During efforts to create a dual boot system with Microsoft Vista and Linux Ubuntu (Vista being pre-installed), I had somehow managed to format Drive C:/ and corrupt another drive. On booting up the computer I would get:

GRUB Loader 1.5

GRUB Loader loading..

ERROR

I had no choice but to re-install Vista as I could not get past this screen. After re-installing I have attempted to install all the previous drivers I have for NVIDIA and other drivers and all my old software, but for some reason, I am unable find any drivers for the Coprocessor and Mass Storage Controller and Windows can't seem to find any either.

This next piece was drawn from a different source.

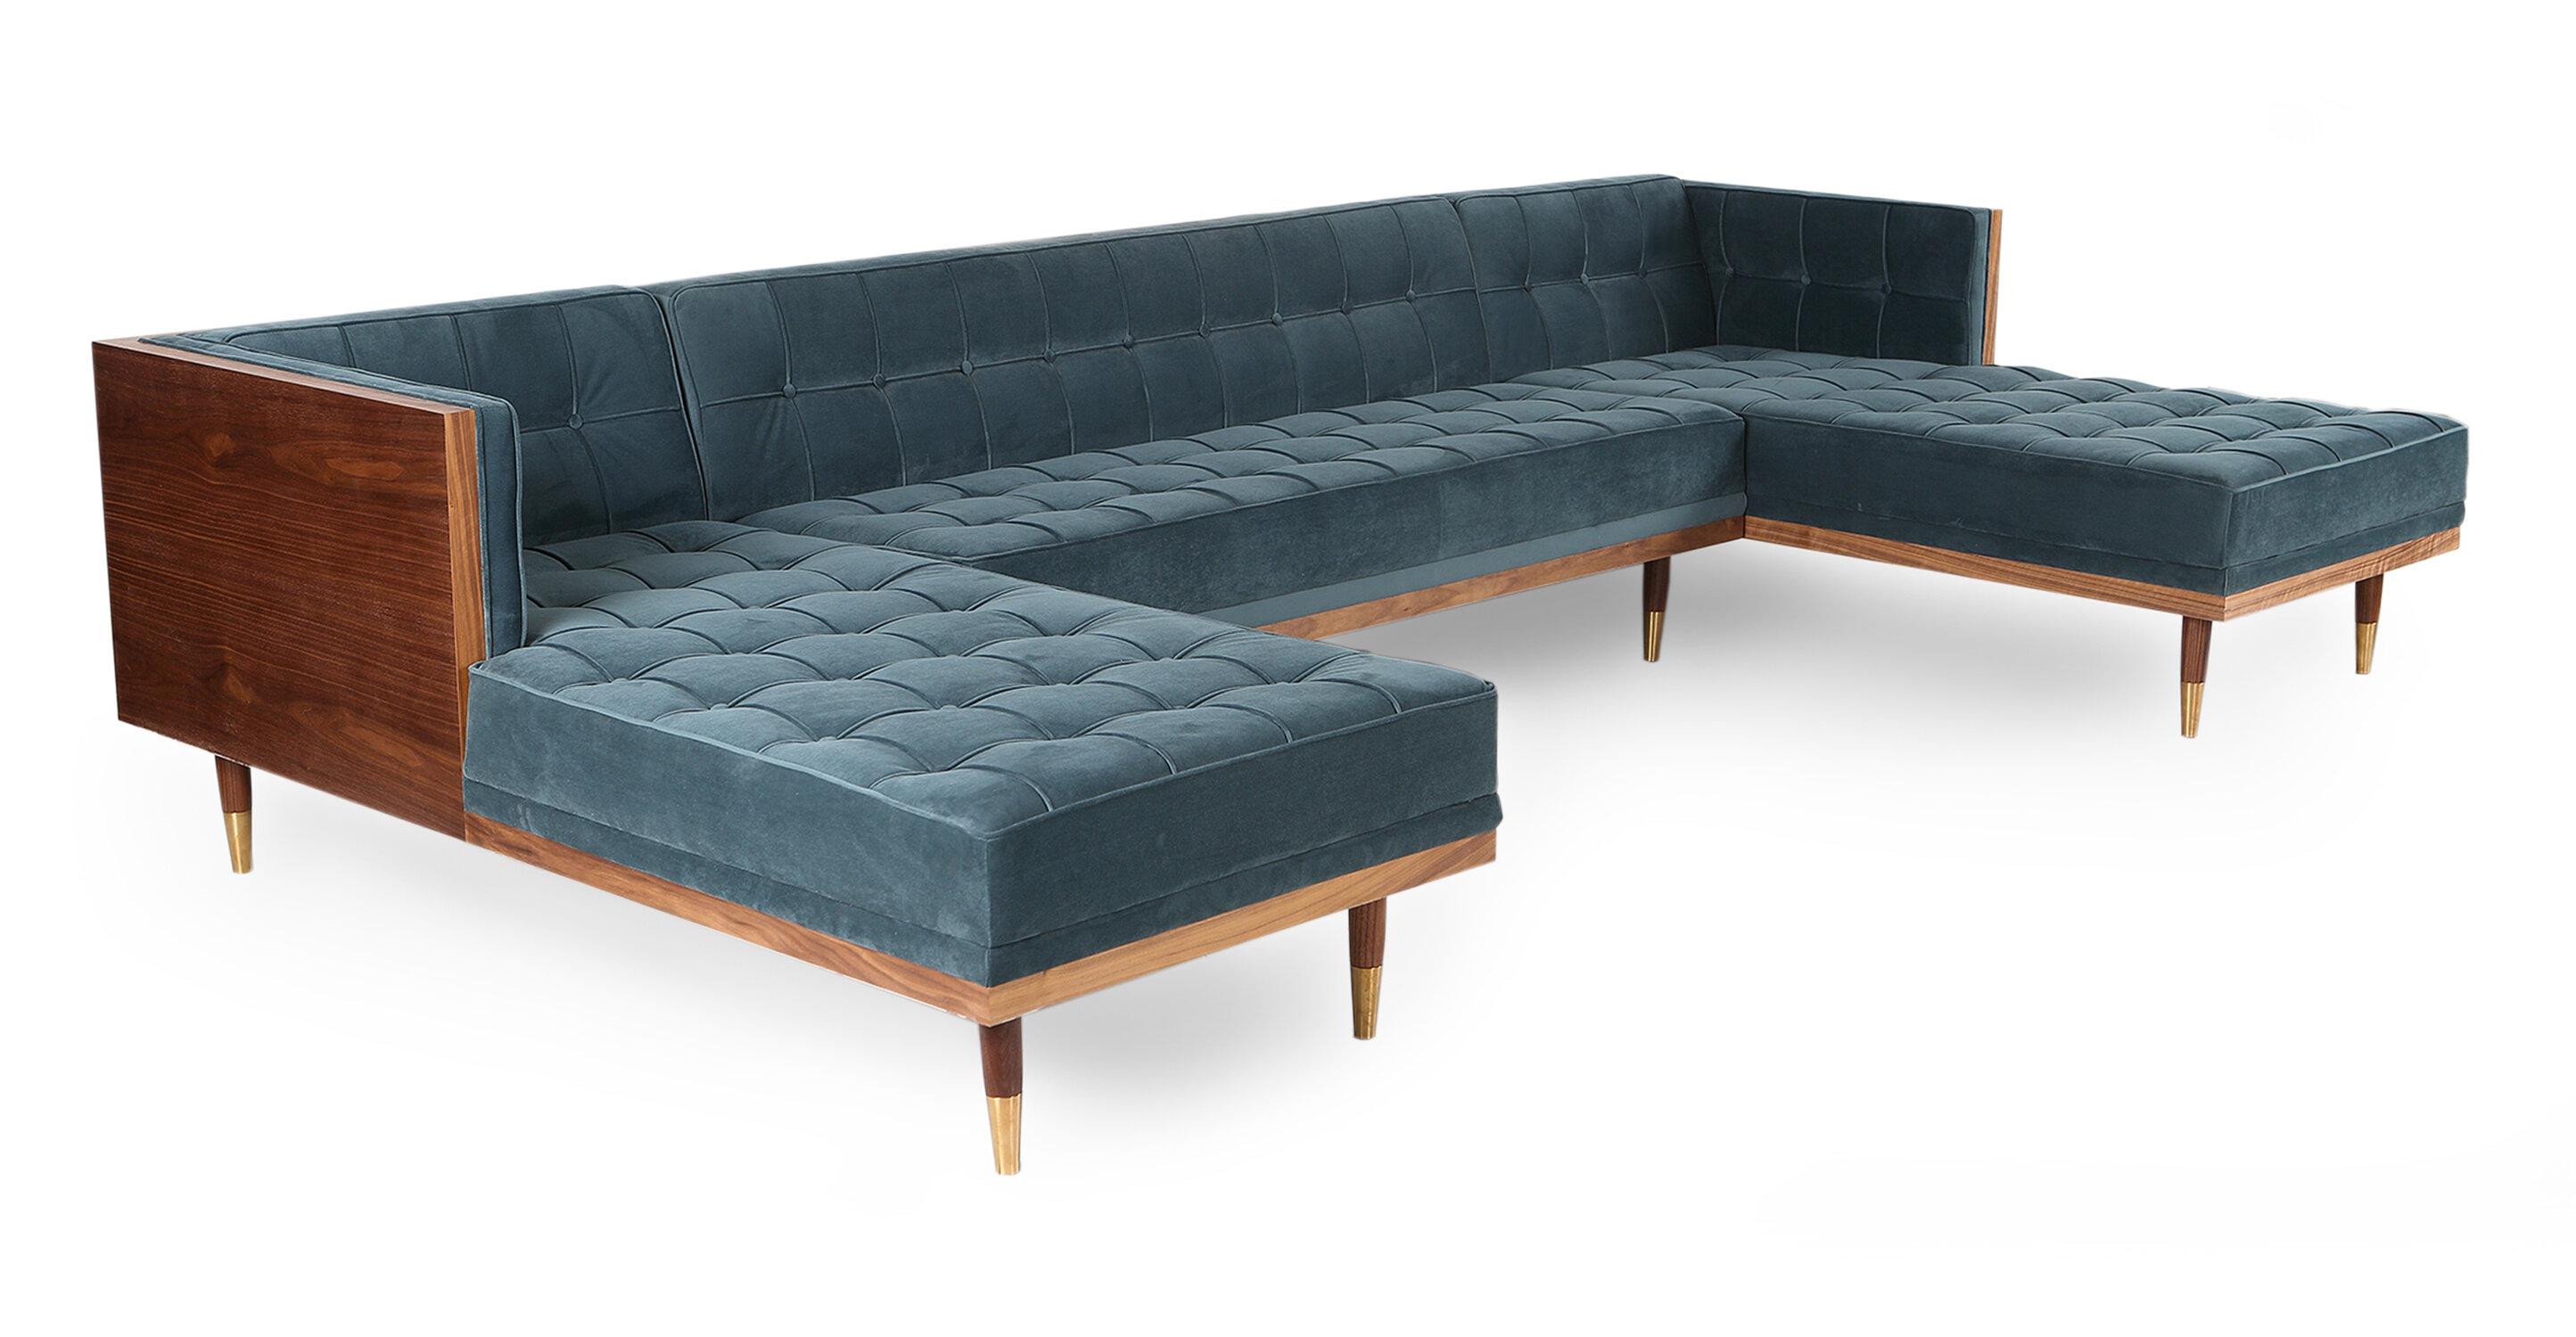 Remarkable Ledger Symmetrical Box Sofa U Shaped Symmetrical Modular Sectional Beatyapartments Chair Design Images Beatyapartmentscom

Does anyone know where I may be able to find these drivers? I have already visited the NVIDIA site and downloaded the most I could.

System Specs:
AMD Turion 64x2 Mobile Technology TL-5 1.8GHz
528MB NVIDIA GeForce Go 6100 TurboCache
160GB HDD
2GB DDR2
OS: Windows Vista Home Premium
Manufacturer & Model: Acer Aspire 9304

Any help would be greatly appreciated. Thanks in advance.


----------



## Chewhacka (Mar 13, 2011)

Hi There, The Cocopressor Driver is a Driver for the webcam follow the link below and download the appropriate webcam driver for your specific model, Mine Is the Aspire 9304Wsmi and Has the Acer Orbicam (Logitec) Drivers, note your model may have another webcam but all the drivers are at the link below (if unsure download all and work out the correct driver package through a process of elimination).

The Mass storage controller is for the card reader bay, again at the link below install the driver package named "Card Reader TI Driver 2.0.0.6w" and bobs your uncle problem solved. Note you may still need the driver even if your model does not have a card reader bay as it also serves other purposes too.

The Link - ftp://ftp.work.acer-euro.com/notebook/aspire_9300/vista/Drivers/

This should solve the issues listed, Chewhacka, Computing Graduate UK.


----------